I comunisti considerano il Sindacato come il campo di una prima indispensabile esperienza proletaria che permette ai lavoratori di procedere oltre verso il concetto e la pratica della lotta politica il cui organo è il partito di classe».

Qualche criticonzolo potrebbe fare la «pensata» di buttarsi sulla locuzione «economia privata» usata nel testo per impostare il solito gioco: ieri sostenevate il contrario di oggi. Tempo perso! Il punto 12 è là ad avvertire che «il passaggio di intraprese private allo Stato e alle amministrazioni locali, non corrisponde minimamente al concetto comunista». Ciò fatto ritorniamo al bravo Rosmer, cui riconosciamo almeno il merito di non posare a creatore di «nuove» teorie.

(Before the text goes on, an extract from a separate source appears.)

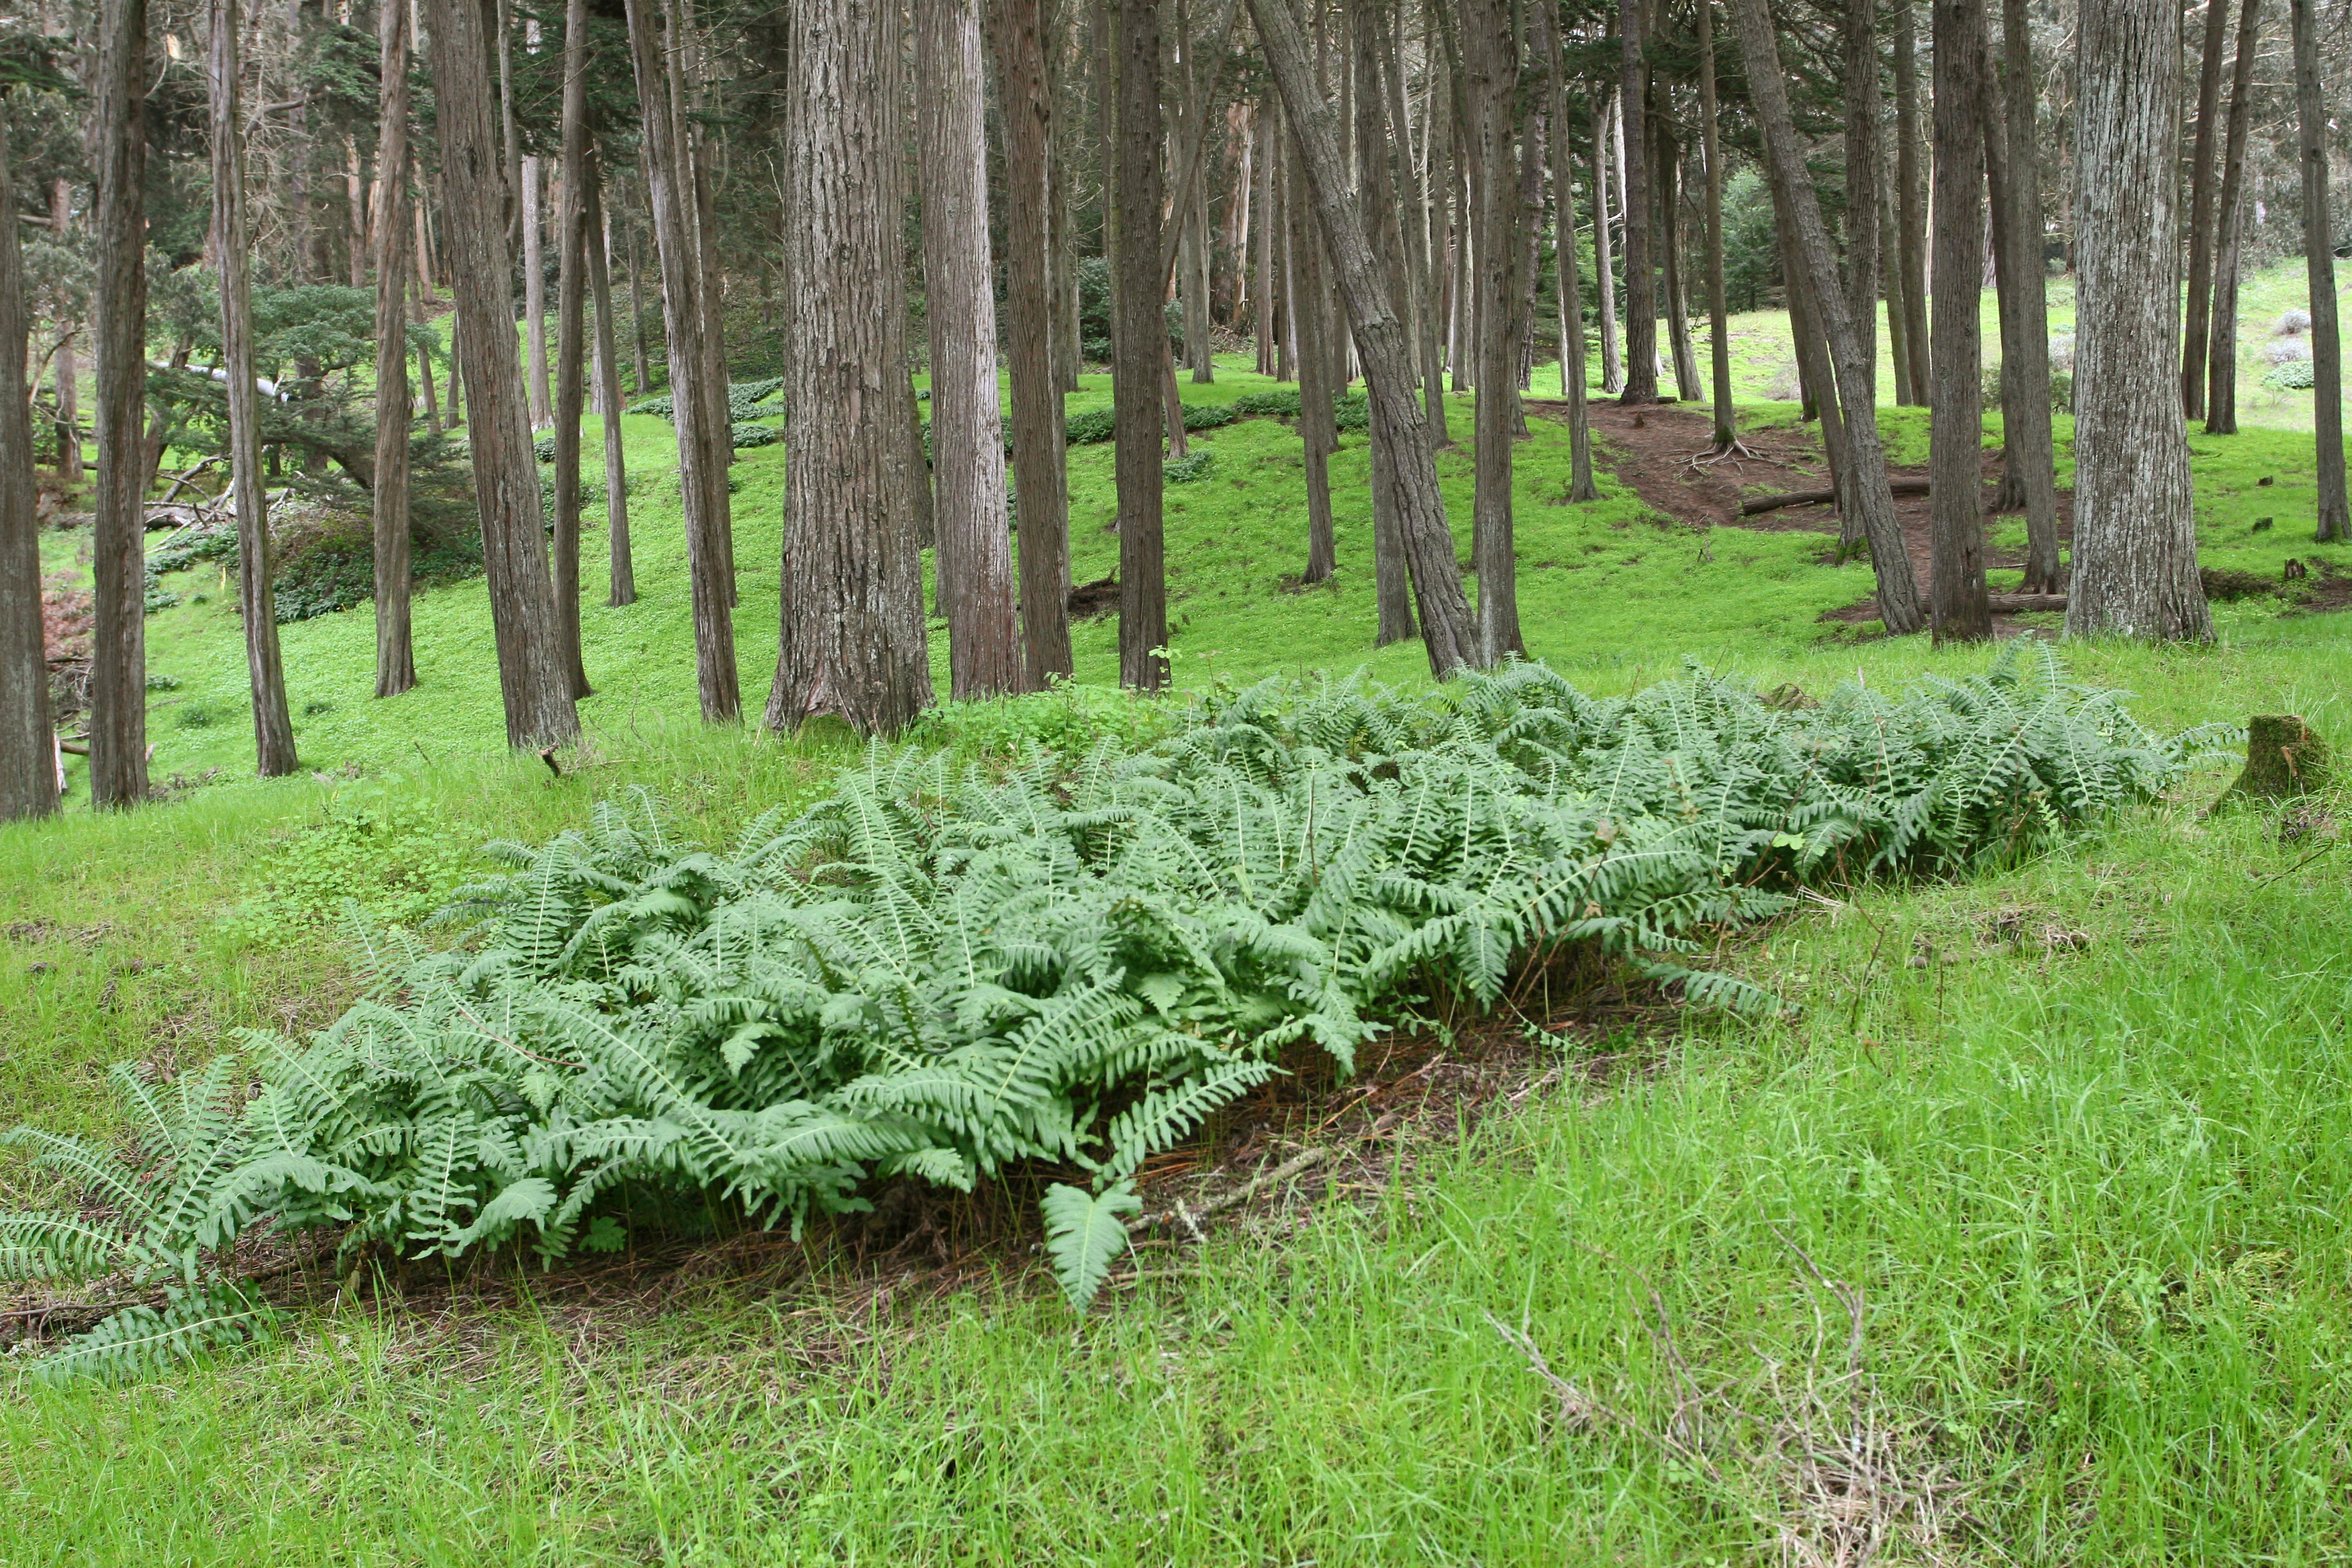 Scattered Monterey Cypress trunks with green grass and fern cover at their bases.

La tesi citata respinge punto per punto tutte le principali posizioni del sindacalismo rivoluzionario: azione economica,  sindacato come organo rivoluzionario, abolizione dello stato come atto insurrezionale, gestione della produzione da parte dei sindacati. Le opposte posizioni comuniste ne risultano per contrasto: supremazia dell'azione politica, partito di classe spoglio di influenze operaistiche, conquista del potere e dittatura del proletariato, organizzazione centrale della produzione e della distribuzione, deperimento dello Stato. Chiaro che l'unico punto comune ma non certamente tale da cancellare la sostanziale inconciliabilità dei programmi, era la rivendicazione dell'uso della violenza, propugnata contro il riformismo.

Non solo ragioni di spazio, ma anche il disegno del presente studio ci impongono di evitare la riproduzione di altri punti, quali l'11° sui Consigli di fabbrica, il 12° sull'aziendalismo, il 15° sulla dittatura e infine il 17° sull'anarchismo. Li riscriveremo nelle prossime puntate, venendo a parlare del contrasto sorto tra la Sinistra Italiana da una parte e l'Ordinovismo e il Comintern dall'altra. In quell'occasione il libro di Rosmer ci offrirà interessanti particolari. Prima di chiudere vogliamo però riportare la tesi n. 6 della prima parte (teoria) del testo:

«Questa lotta rivoluzionaria è il conflitto di tutta la classe proletaria contro tutta la classe borghese. Il suo strumento è il partito politico di classe, il Partito Comunista che realizza la cosciente organizzazione di quell'avanguardia del proletariato che ha compreso la necessità di unificare la propria azione, nello spazio al di sopra degli interessi dei singoli gruppi, categorie o nazionalità; nel tempo, subordinando al risultato finale della lotta i vantaggi e le conquiste parziali che non colpiscono l'essenza della struttura borghese. E' dunque soltanto l'organizzazione del partito politico che realizza la costituzione del proletariato in classe lottante per la sua emancipazione».

Rosmer è servito. Ci darebbe atto, ne siamo sicuri, se ci leggesse, che lo abbiamo fatto con la stessa mancanza di acidità che si nota nella critica delle posizioni politiche che egli non condivide.

La Sinistra Italiana, ieri organizzata nella Frazione Astensionista e nel Partito comunista d'Italia, oggi continuantesi nel nostro partito,  può affermare di avere nei trentacinque anni trascorsi, tenuto fede al principio di «subordinare al risultato finale della lotta i vantaggi e le conquiste parziali» che facilmente si possono ottenere barattando con arrivistiche dottrinelle pseudo-marxiste che sembrano promettere notorietà e successo, il duro programma marxista che chiede ai suoi sostenitori solo l'ostinata determinazione di non mollare uno solo dei capisaldi. La Sinistra Italiana non è stata guida di imprese rivoluzionarie per necessità del corso storico, ma contrariamente a quanto accaduto alle formazioni politiche travolte nel crollo della terza Internazionale, cui non scampava lo stesso partito bolscevico, ha saputo trasformare una terribile sconfitta del proletariato internazionale in premessa sicura e ancora più terribile sconfitta della borghesia. E l'ha fatto perché, sull'esempio di Marx e di Lenin, ha tratto dalla sconfitta di una rivoluzione proletaria la conferma della inattaccabilità della teoria marxista e l'ennesima prova del marcio della cultura dominante.